→ Problem
Retype the lines below exactly, but only those from the line that has "Men's Slim Fit" through the line that has "Franklin 3 Piece". Omit every picture.

(Information given begins)

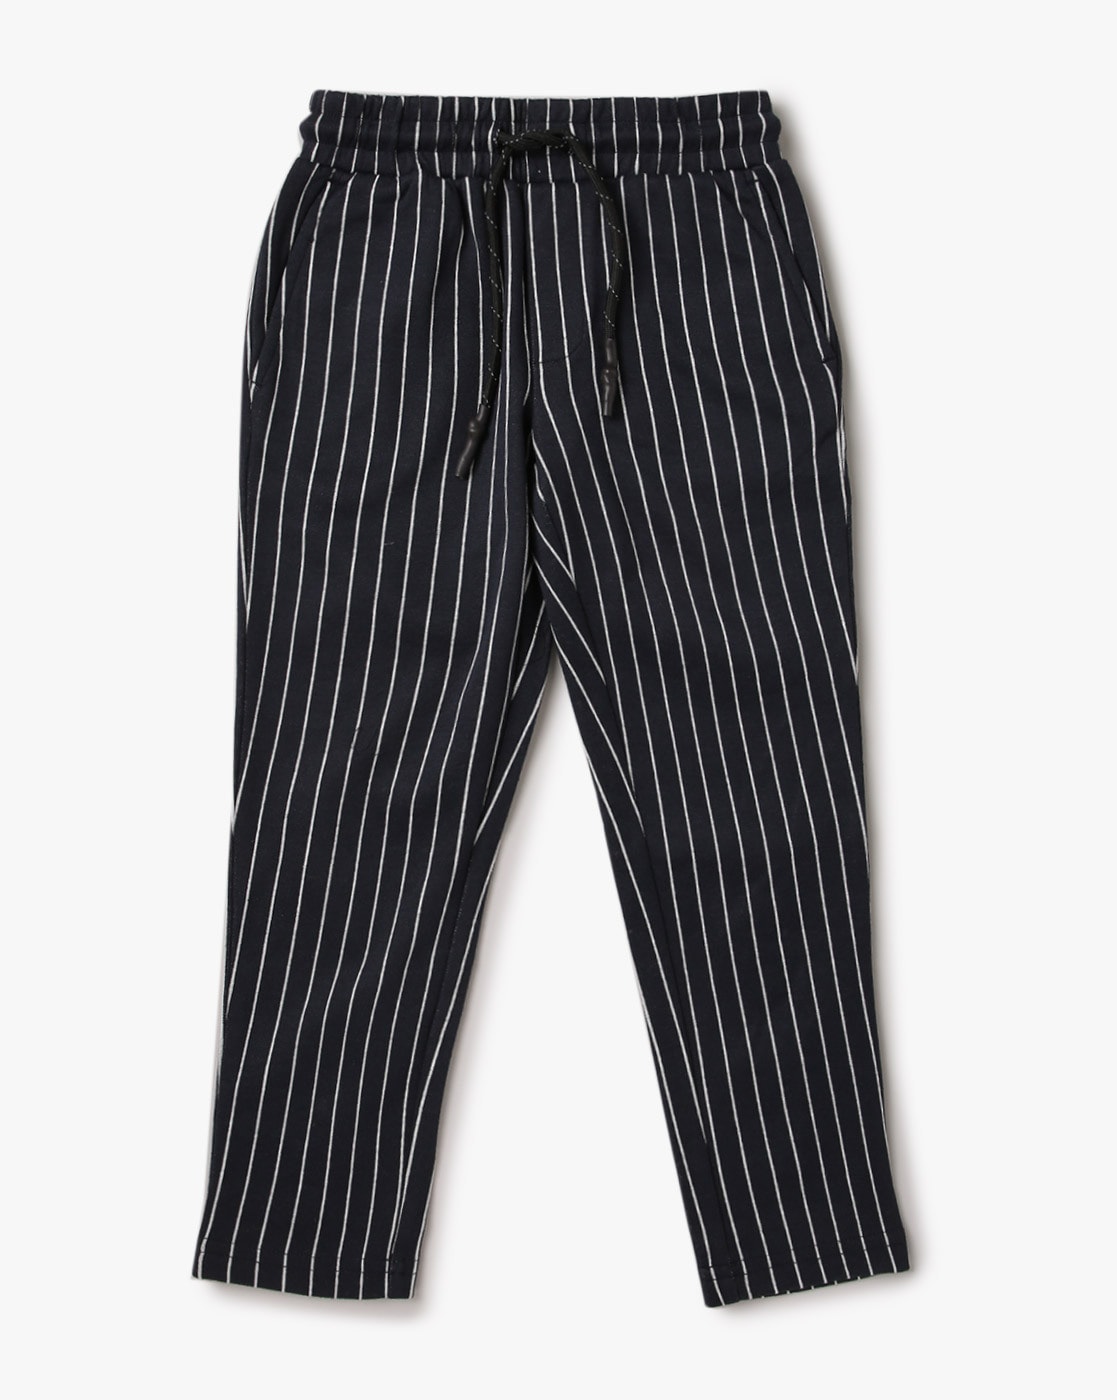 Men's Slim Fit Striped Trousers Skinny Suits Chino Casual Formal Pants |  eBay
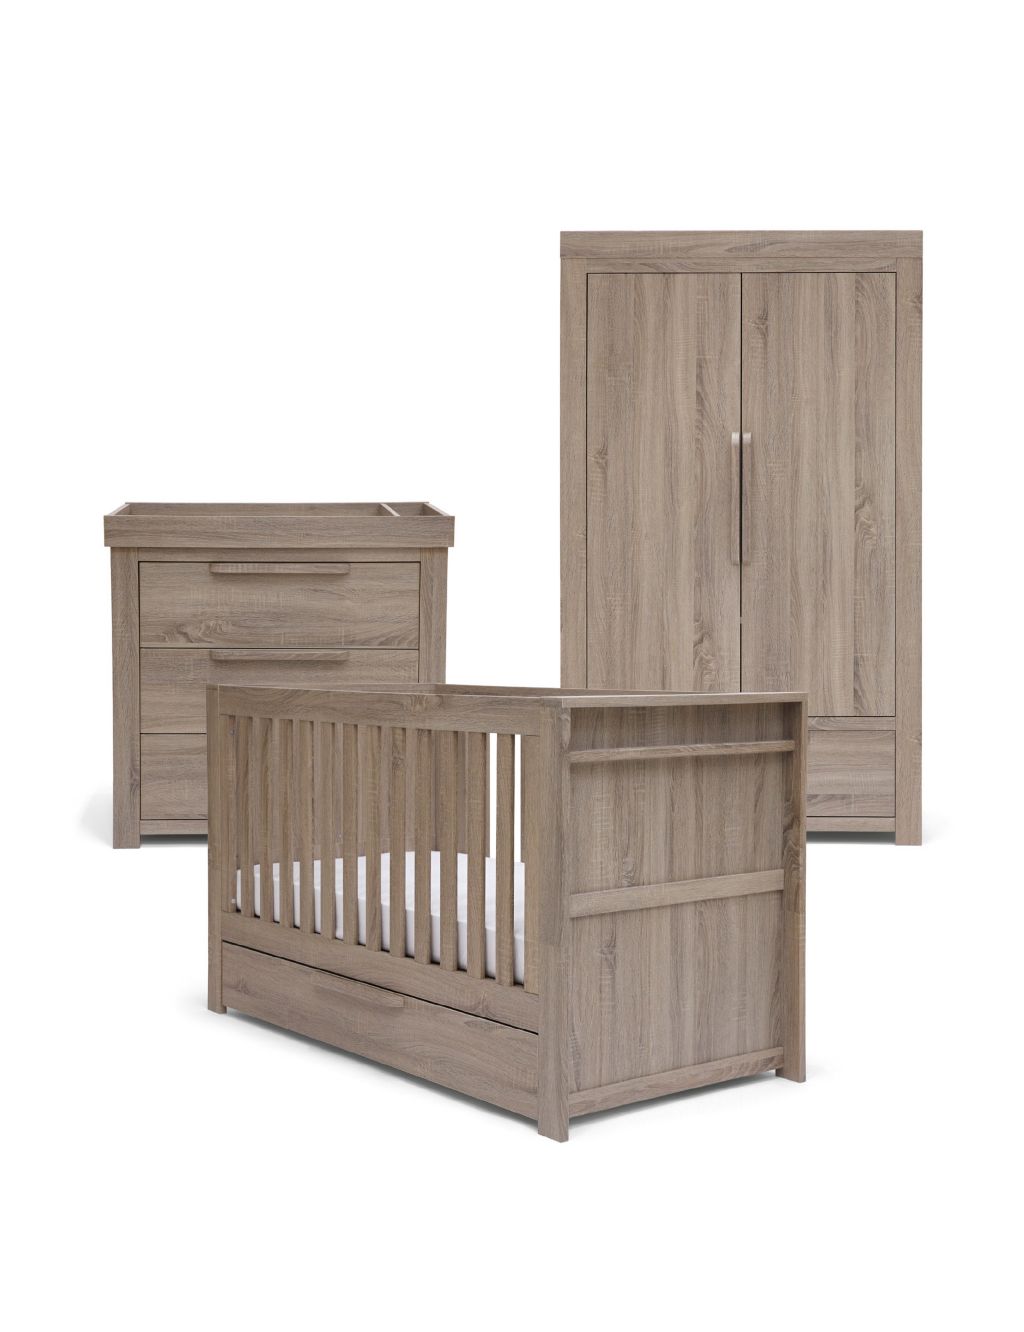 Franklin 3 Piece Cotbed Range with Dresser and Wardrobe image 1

(Information given ends)
(Information given begins)

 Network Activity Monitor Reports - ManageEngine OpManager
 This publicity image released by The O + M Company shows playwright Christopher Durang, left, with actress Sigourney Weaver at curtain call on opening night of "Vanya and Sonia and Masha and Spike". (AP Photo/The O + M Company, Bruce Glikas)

(Information given ends)

→ Output below
 Men's Slim Fit Striped Trousers Skinny Suits Chino Casual Formal Pants |  eBay
 Franklin 3 Piece Cotbed Range with Dresser and Wardrobe image 1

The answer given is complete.